• **Exercise**
Exactly reproduce the lines from the top of the entries below through the line containing "3-30V DC 0.56", with both ends included.

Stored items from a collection
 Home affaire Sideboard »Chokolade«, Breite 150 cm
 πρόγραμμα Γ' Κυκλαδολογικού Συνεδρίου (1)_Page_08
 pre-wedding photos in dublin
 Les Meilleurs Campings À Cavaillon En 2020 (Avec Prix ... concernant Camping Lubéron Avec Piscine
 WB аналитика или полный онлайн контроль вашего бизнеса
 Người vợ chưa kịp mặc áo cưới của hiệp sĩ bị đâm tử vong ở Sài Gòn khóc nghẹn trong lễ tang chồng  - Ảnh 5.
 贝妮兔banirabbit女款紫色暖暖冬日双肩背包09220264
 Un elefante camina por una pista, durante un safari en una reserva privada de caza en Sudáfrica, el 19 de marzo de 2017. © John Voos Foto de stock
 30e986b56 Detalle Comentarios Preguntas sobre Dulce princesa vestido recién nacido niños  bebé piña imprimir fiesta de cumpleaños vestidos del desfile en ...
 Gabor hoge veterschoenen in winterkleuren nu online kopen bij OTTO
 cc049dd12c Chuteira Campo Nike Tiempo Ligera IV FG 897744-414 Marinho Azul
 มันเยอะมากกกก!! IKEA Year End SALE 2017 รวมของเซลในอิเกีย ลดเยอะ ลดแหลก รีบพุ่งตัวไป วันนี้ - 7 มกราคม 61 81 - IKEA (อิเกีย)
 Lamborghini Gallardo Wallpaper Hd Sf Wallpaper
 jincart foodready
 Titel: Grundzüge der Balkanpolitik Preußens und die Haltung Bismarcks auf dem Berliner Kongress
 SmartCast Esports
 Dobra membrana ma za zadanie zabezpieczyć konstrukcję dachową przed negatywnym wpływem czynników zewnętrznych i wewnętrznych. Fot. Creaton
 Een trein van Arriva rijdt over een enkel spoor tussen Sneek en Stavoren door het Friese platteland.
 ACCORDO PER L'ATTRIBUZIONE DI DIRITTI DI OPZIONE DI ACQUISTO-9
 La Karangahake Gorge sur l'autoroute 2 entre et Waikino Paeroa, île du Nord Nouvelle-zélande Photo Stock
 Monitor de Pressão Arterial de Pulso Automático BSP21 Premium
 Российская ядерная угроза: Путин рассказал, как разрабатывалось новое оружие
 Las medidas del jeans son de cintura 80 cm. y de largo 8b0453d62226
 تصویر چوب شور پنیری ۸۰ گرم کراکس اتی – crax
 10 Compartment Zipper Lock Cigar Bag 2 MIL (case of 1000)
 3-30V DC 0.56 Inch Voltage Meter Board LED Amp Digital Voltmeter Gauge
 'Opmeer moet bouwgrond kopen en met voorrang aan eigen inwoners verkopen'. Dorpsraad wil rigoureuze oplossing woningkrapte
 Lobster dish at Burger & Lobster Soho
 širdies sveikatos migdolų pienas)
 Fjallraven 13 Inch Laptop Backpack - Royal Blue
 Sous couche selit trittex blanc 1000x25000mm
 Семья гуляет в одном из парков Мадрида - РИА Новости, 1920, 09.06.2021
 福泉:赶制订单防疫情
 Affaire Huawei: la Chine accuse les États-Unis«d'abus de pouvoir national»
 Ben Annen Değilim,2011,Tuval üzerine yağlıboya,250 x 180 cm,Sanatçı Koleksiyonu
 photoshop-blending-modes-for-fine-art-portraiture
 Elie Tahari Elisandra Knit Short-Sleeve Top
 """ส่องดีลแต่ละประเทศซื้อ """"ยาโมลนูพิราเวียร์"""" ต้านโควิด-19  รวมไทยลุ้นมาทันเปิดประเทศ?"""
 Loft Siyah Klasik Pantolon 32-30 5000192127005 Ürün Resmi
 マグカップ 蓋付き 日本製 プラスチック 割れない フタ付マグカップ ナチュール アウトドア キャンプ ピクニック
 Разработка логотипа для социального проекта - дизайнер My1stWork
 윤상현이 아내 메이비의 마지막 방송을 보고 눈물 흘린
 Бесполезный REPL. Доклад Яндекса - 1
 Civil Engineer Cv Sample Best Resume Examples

• **Response for this exercise**
 Home affaire Sideboard »Chokolade«, Breite 150 cm
 πρόγραμμα Γ' Κυκλαδολογικού Συνεδρίου (1)_Page_08
 pre-wedding photos in dublin
 Les Meilleurs Campings À Cavaillon En 2020 (Avec Prix ... concernant Camping Lubéron Avec Piscine
 WB аналитика или полный онлайн контроль вашего бизнеса
 Người vợ chưa kịp mặc áo cưới của hiệp sĩ bị đâm tử vong ở Sài Gòn khóc nghẹn trong lễ tang chồng  - Ảnh 5.
 贝妮兔banirabbit女款紫色暖暖冬日双肩背包09220264
 Un elefante camina por una pista, durante un safari en una reserva privada de caza en Sudáfrica, el 19 de marzo de 2017. © John Voos Foto de stock
 30e986b56 Detalle Comentarios Preguntas sobre Dulce princesa vestido recién nacido niños  bebé piña imprimir fiesta de cumpleaños vestidos del desfile en ...
 Gabor hoge veterschoenen in winterkleuren nu online kopen bij OTTO
 cc049dd12c Chuteira Campo Nike Tiempo Ligera IV FG 897744-414 Marinho Azul
 มันเยอะมากกกก!! IKEA Year End SALE 2017 รวมของเซลในอิเกีย ลดเยอะ ลดแหลก รีบพุ่งตัวไป วันนี้ - 7 มกราคม 61 81 - IKEA (อิเกีย)
 Lamborghini Gallardo Wallpaper Hd Sf Wallpaper
 jincart foodready
 Titel: Grundzüge der Balkanpolitik Preußens und die Haltung Bismarcks auf dem Berliner Kongress
 SmartCast Esports
 Dobra membrana ma za zadanie zabezpieczyć konstrukcję dachową przed negatywnym wpływem czynników zewnętrznych i wewnętrznych. Fot. Creaton
 Een trein van Arriva rijdt over een enkel spoor tussen Sneek en Stavoren door het Friese platteland.
 ACCORDO PER L'ATTRIBUZIONE DI DIRITTI DI OPZIONE DI ACQUISTO-9
 La Karangahake Gorge sur l'autoroute 2 entre et Waikino Paeroa, île du Nord Nouvelle-zélande Photo Stock
 Monitor de Pressão Arterial de Pulso Automático BSP21 Premium
 Российская ядерная угроза: Путин рассказал, как разрабатывалось новое оружие
 Las medidas del jeans son de cintura 80 cm. y de largo 8b0453d62226
 تصویر چوب شور پنیری ۸۰ گرم کراکس اتی – crax
 10 Compartment Zipper Lock Cigar Bag 2 MIL (case of 1000)
 3-30V DC 0.56 Inch Voltage Meter Board LED Amp Digital Voltmeter Gauge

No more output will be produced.